Mas ainda assim, se lá estivessem, estariam construindo um projeto que não servirá a maioria do povo negro desse país, por mais legítimas que possam ser suas intenções. Não é o nosso papel fazer a disputa para que futuras reuniões como essa tenham pessoas negras. Não queremos representatividade na mesa que vai construir um governo com aqueles que retiraram e ainda vão retirar nossos direitos. A representatividade que queremos é nos projetos que de fato vão romper com essa lógica de conciliação. E como a história já mostrou, não será através do PT. 

Para a forma que o PT pretende governar, o partido faz uma escolha muito boa na aparência. Não quer deixar nenhuma dúvida do que quer. Faz uma clara sinalização aos ricaços para angariar o máximo de apoio.
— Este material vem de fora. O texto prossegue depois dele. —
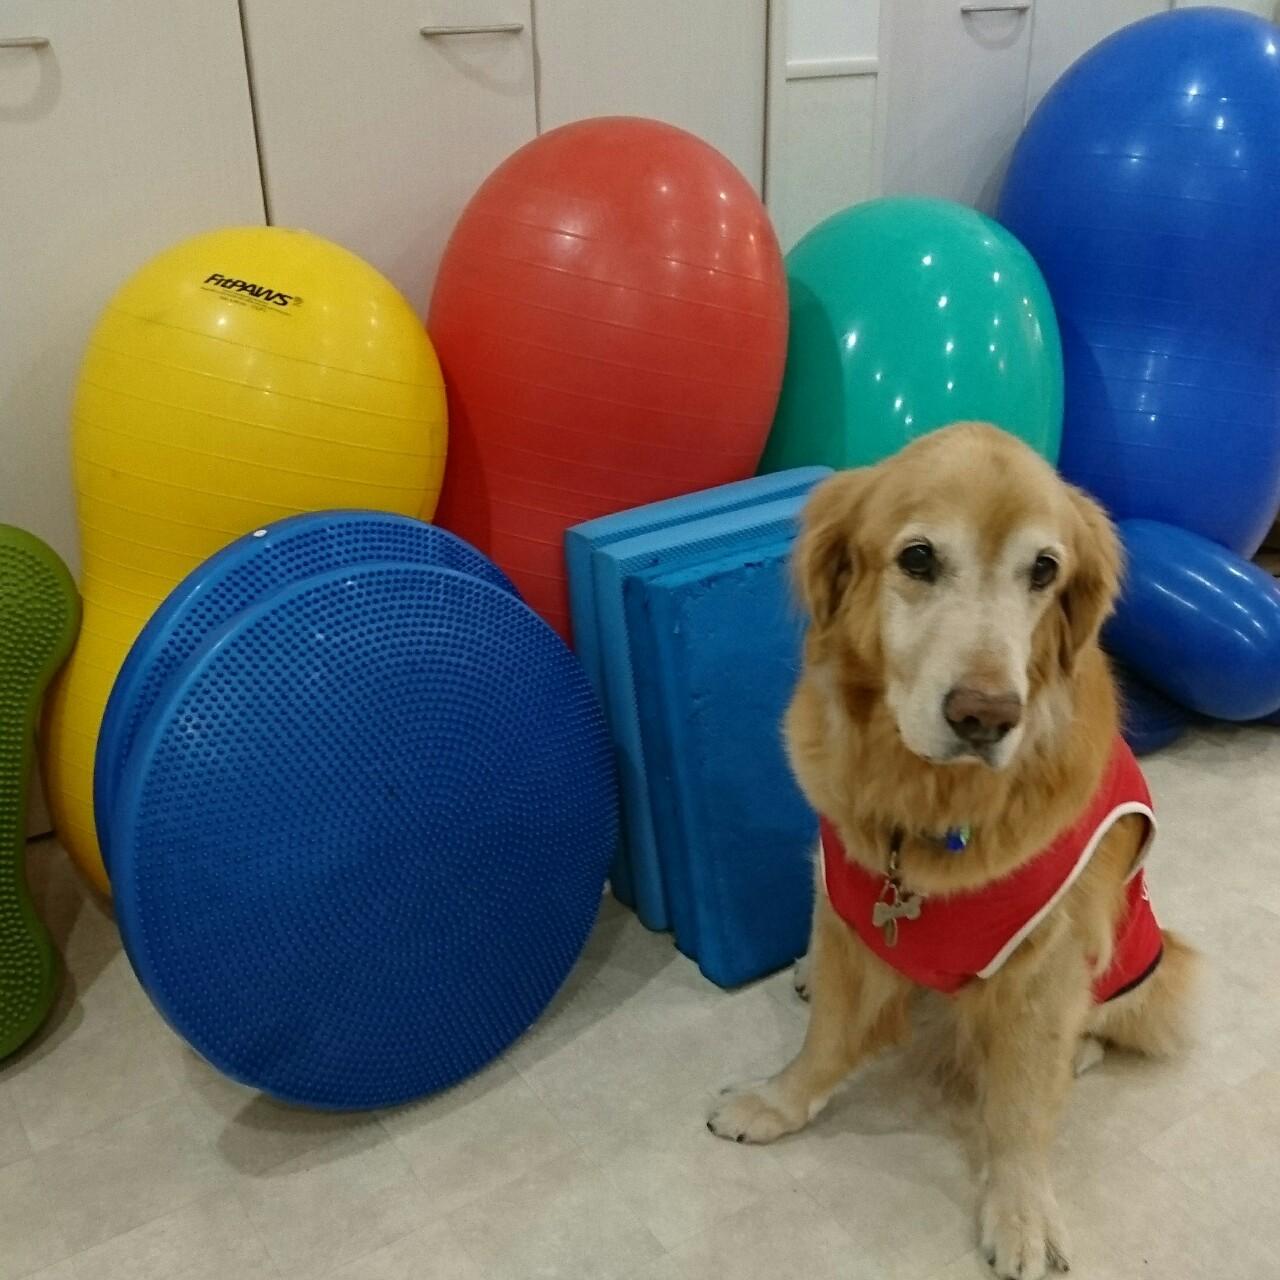 第2回 バランスボール(犬)教室開催_d0256356_16064601.jpg

Poderia ter optado por não ter Alckmin ou por ter quadros negros na dita reunião, mas isso não mudaria a essência de sua política.  

E sobre a tal de governabilidade, um dos argumentos que Haddad usou para justificar a composição com Alckmin, é preciso dizer que ela não é algo em abstrato. Não se constrói governabilidade sem uma política ou um conjunto de políticas (um programa) em disputa. Se querem buscar a tal da governabilidade com a direita, é porque querem construir um projeto em comum. O discurso da governabilidade representa um projeto de esquerda que coloca a institucionalidade como prioridade, em detrimento das necessidades concretas e urgentes do povo. Almejando a “capacidade de governar” na lógica da conciliação, podem estar em negociação os nossos direitos em outro momento (como já vivemos em outros governo do PT).

Para nós, a lógica é a da disputa política, na busca por ter correlação de forças, ou seja, conseguir impor através da força da mobilização que temos enquanto maioria social a nossa vontade. Nossas vitórias não sairão através de acordos com aqueles que retiram nossos direitos. Aliás, podem até sair. Mas só sairão se tiver mobilização, povo na rua que os faça ceder. É isso que a luta pelo aborto legal na América Latina nos ensinou. É isso que o povo chileno nos ensinou com o enterro da Constituição ultraliberal da Ditadura de Pinochet.  

É claro, não vou deixar dúvidas. Com ou sem Lula no segundo turno (cuja segunda opção é muito remota), temos que votar e fazer campanha na rua para não só derrotar eleitoralmente Bolsonaro, de forma expressiva, como enterrar a extrema-direita no Brasil. Mas não tenhamos ilusões, usar Lula para derrotar Bolsonaro e ter mais condições de construir um projeto próprio, não significa se diluir em um projeto que não é nosso.

Por mais que pelas condições imediatas alguns possam querer disputar os rumos do PT, não é assim que iremos construir um projeto próprio, de fato consequente com a busca de superar todas as condições injustas que estão colocadas sobre nós. As tendências sobre como será um possível governo Lula já estão colocadas na mesa, não há um elemento de novidade que nos faça mudar essa caracterização que não vem de hoje. O PSOL, partido que construo, está aí desde o início do governo Lula, compreendendo os limites da política petista e a necessidade de sua superação.

Ainda que seja lento e difícil de construir, o novo sempre vem. Pois, como lecionou Belchior, não tenho apego ao passado, o meu compromisso é com o futuro e com uma organização comprometida com a superação do capitalismo e suas contradições.